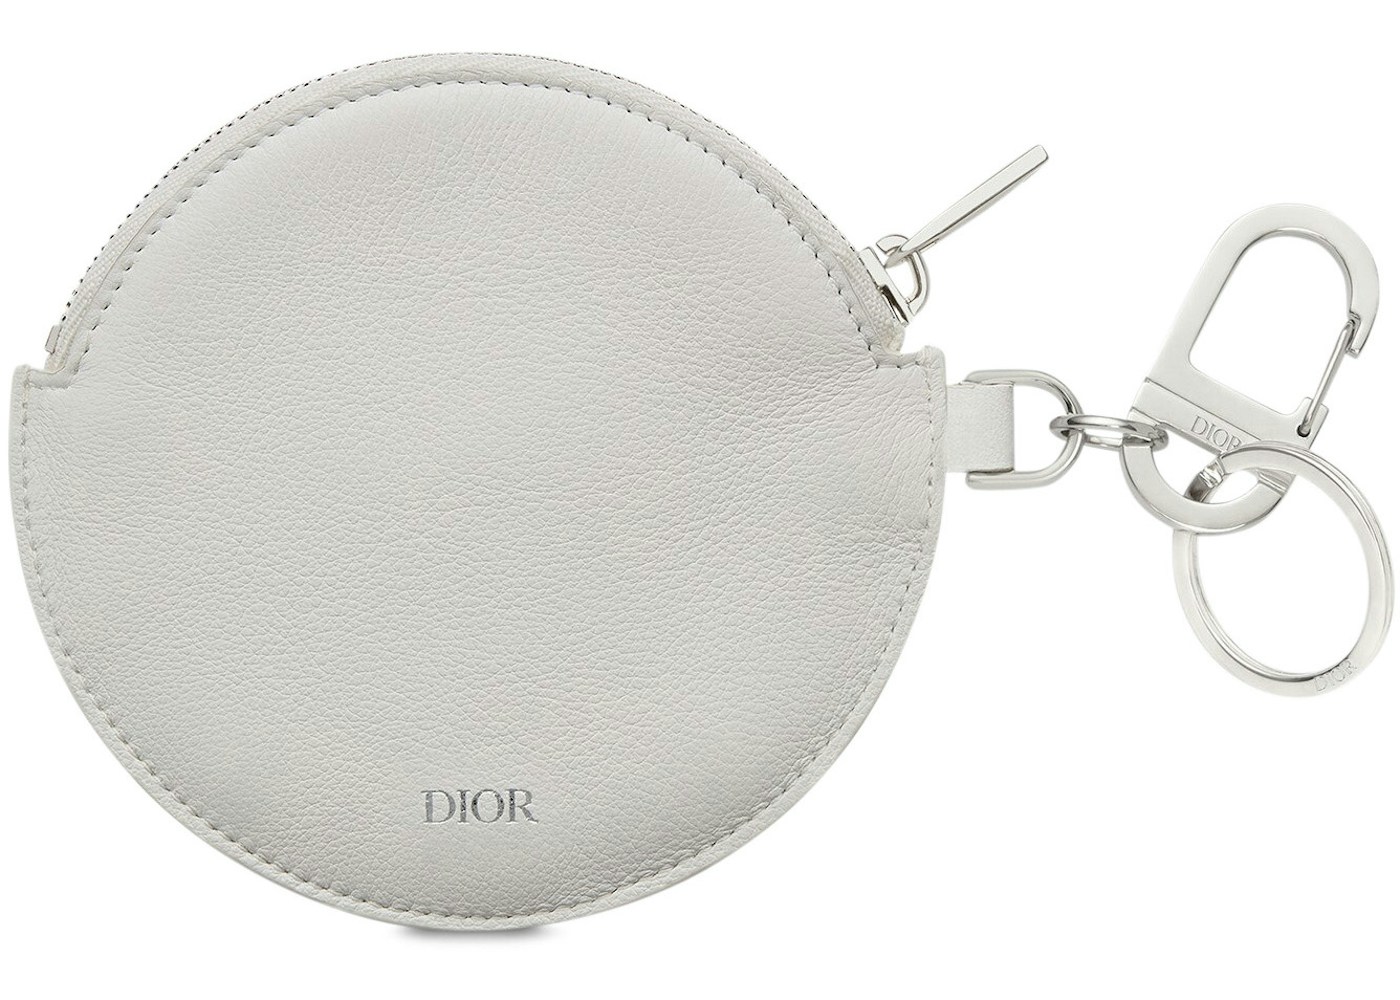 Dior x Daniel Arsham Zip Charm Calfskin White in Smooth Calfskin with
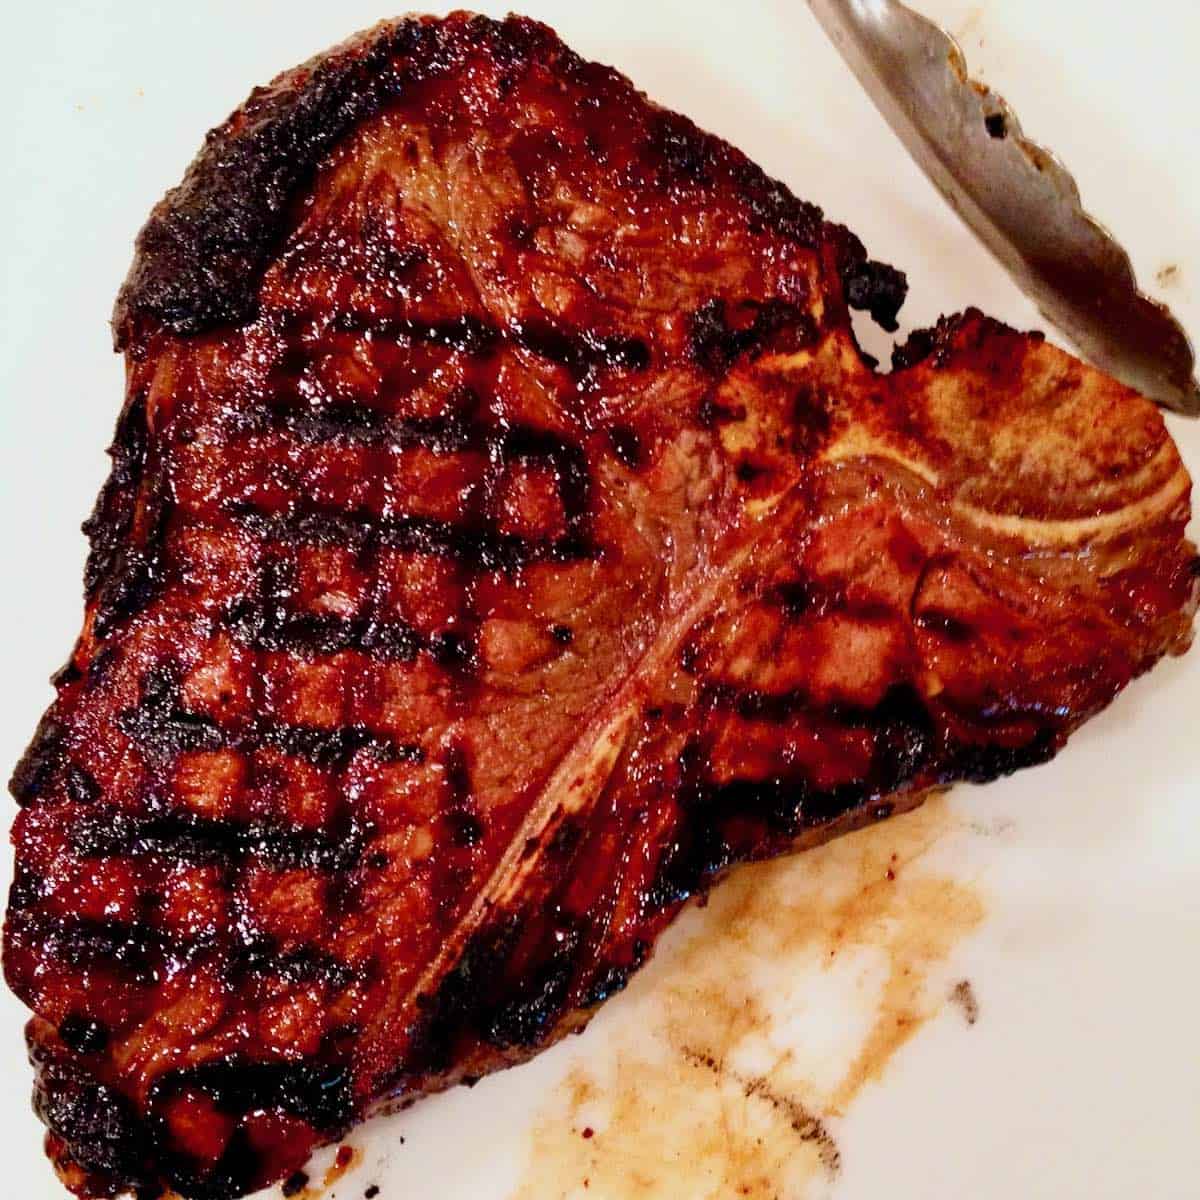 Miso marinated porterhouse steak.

...

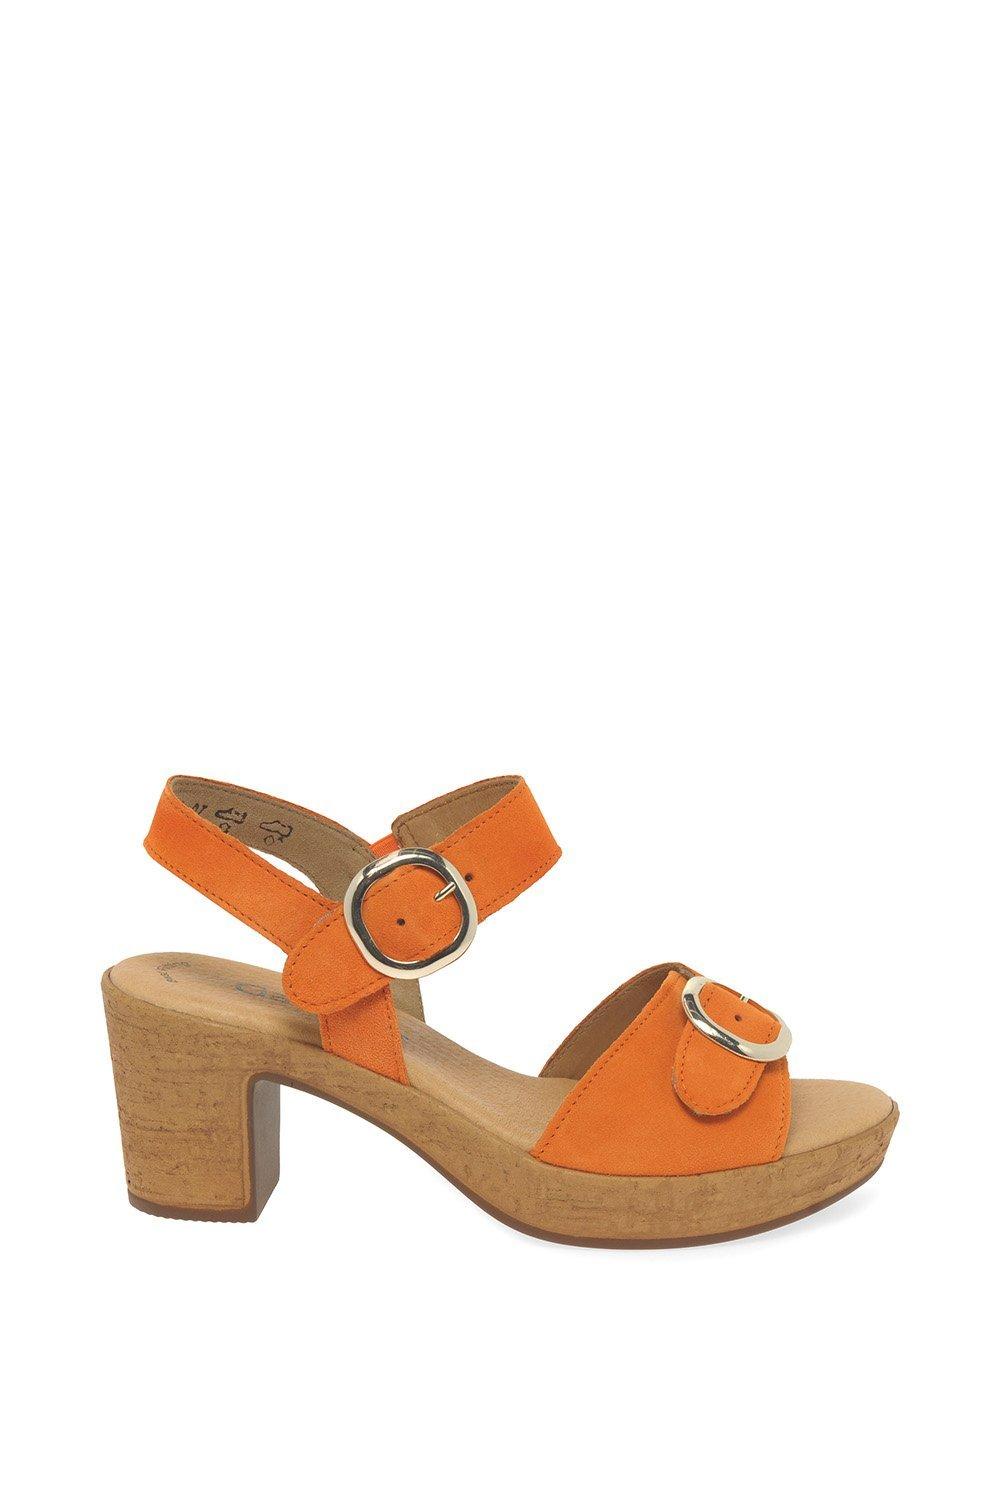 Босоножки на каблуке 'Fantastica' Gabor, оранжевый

→ Work instruction
Each line from the one that contains "Dior x Daniel" down to the one that contains "Miso marinated porterhouse steak." is to be returned exactly as it stands above, both ends included, with pictures removed.

→ Answer box
 Dior x Daniel Arsham Zip Charm Calfskin White in Smooth Calfskin with
 Miso marinated porterhouse steak.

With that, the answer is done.